**WHAT TO DO:**
Begin with the line that holds "Skinny jean azul". Output it and all remaining lines of the material, verbatim, ending with the last.

*** Opening INFORMATION GIVEN ***

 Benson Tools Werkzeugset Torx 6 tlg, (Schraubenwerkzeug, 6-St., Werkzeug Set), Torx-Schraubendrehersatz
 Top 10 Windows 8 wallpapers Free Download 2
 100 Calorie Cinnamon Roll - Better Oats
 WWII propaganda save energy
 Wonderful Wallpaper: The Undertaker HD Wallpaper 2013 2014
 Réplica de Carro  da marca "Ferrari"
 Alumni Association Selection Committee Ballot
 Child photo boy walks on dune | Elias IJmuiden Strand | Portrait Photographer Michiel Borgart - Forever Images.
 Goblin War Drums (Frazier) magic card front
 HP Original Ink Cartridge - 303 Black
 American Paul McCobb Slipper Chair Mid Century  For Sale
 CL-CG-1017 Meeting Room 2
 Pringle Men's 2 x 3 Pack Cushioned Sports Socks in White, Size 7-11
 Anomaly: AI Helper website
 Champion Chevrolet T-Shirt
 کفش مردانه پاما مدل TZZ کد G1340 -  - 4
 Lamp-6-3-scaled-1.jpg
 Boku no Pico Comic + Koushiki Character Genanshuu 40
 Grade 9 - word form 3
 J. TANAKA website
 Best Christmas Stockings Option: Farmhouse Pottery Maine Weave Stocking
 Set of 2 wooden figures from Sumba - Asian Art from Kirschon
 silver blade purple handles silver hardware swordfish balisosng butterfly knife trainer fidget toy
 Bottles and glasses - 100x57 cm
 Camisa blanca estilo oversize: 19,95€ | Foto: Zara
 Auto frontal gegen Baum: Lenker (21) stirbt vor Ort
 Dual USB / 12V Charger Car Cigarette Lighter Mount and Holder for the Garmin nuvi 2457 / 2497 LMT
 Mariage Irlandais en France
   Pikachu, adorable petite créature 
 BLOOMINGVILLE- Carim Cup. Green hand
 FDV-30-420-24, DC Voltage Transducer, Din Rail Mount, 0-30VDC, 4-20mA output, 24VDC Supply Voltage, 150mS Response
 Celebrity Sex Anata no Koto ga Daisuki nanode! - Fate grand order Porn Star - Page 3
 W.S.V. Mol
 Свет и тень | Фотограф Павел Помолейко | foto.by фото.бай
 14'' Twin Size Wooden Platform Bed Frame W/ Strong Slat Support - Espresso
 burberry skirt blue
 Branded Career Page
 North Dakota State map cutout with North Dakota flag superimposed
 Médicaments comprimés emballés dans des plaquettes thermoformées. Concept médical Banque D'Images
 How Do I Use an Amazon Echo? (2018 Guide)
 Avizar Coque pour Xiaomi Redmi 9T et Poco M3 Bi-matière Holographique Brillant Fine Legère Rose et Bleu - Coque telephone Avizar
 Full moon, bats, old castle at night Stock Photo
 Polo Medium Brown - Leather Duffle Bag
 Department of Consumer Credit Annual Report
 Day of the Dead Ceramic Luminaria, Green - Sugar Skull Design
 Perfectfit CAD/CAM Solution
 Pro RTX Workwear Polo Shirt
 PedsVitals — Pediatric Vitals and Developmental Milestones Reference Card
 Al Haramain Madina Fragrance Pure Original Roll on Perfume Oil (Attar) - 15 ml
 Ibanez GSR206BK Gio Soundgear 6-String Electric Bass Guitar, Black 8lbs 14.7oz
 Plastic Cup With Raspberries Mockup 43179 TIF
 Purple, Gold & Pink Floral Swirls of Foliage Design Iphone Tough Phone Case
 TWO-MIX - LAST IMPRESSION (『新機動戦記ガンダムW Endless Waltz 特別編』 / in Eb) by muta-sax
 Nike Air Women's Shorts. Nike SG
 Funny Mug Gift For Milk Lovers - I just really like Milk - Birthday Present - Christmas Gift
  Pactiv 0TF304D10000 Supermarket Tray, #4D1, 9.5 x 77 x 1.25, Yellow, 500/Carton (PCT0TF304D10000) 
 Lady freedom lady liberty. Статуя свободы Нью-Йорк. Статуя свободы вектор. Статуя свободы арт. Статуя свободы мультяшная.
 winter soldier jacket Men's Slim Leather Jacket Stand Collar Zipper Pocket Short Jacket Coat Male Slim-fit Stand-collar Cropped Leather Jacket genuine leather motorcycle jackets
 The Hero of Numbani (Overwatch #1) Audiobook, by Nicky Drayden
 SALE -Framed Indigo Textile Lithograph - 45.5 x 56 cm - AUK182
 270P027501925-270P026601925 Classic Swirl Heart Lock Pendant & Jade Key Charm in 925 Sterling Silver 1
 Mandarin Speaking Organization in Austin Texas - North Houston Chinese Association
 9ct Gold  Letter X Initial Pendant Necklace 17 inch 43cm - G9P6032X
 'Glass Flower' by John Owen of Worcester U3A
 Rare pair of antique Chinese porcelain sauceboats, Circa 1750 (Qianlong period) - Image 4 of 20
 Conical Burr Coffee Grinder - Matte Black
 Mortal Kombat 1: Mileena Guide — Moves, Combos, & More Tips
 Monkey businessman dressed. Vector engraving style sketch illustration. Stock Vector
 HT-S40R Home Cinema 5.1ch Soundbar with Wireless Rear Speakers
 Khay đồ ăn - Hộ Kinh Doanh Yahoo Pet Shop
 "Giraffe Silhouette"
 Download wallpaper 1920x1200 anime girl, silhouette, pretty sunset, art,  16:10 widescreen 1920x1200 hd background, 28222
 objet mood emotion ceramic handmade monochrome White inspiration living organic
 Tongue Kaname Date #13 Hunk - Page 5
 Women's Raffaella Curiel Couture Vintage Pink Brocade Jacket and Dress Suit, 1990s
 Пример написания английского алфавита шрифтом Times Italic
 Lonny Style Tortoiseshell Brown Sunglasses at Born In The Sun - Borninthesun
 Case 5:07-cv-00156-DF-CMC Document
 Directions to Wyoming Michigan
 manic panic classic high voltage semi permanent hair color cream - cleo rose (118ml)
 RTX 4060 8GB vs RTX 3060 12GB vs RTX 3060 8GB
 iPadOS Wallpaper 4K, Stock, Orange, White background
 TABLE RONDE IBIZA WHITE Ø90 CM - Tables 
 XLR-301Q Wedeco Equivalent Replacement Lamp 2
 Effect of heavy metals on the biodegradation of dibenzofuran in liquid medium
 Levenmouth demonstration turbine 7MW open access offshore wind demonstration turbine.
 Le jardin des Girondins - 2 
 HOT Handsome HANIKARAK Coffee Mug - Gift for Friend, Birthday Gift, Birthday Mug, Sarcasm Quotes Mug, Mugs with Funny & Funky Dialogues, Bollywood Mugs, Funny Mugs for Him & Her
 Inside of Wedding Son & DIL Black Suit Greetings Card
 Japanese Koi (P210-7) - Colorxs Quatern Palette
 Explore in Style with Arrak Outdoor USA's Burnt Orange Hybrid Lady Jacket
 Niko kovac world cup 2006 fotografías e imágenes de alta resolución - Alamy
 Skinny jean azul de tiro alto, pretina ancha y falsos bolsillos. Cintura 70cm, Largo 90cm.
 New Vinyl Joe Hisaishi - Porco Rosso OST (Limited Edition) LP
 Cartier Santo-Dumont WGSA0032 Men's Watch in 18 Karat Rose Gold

*** Closing INFORMATION GIVEN ***

**SOLUTION FOR THIS TASK:**
 Skinny jean azul de tiro alto, pretina ancha y falsos bolsillos. Cintura 70cm, Largo 90cm.
 New Vinyl Joe Hisaishi - Porco Rosso OST (Limited Edition) LP
 Cartier Santo-Dumont WGSA0032 Men's Watch in 18 Karat Rose Gold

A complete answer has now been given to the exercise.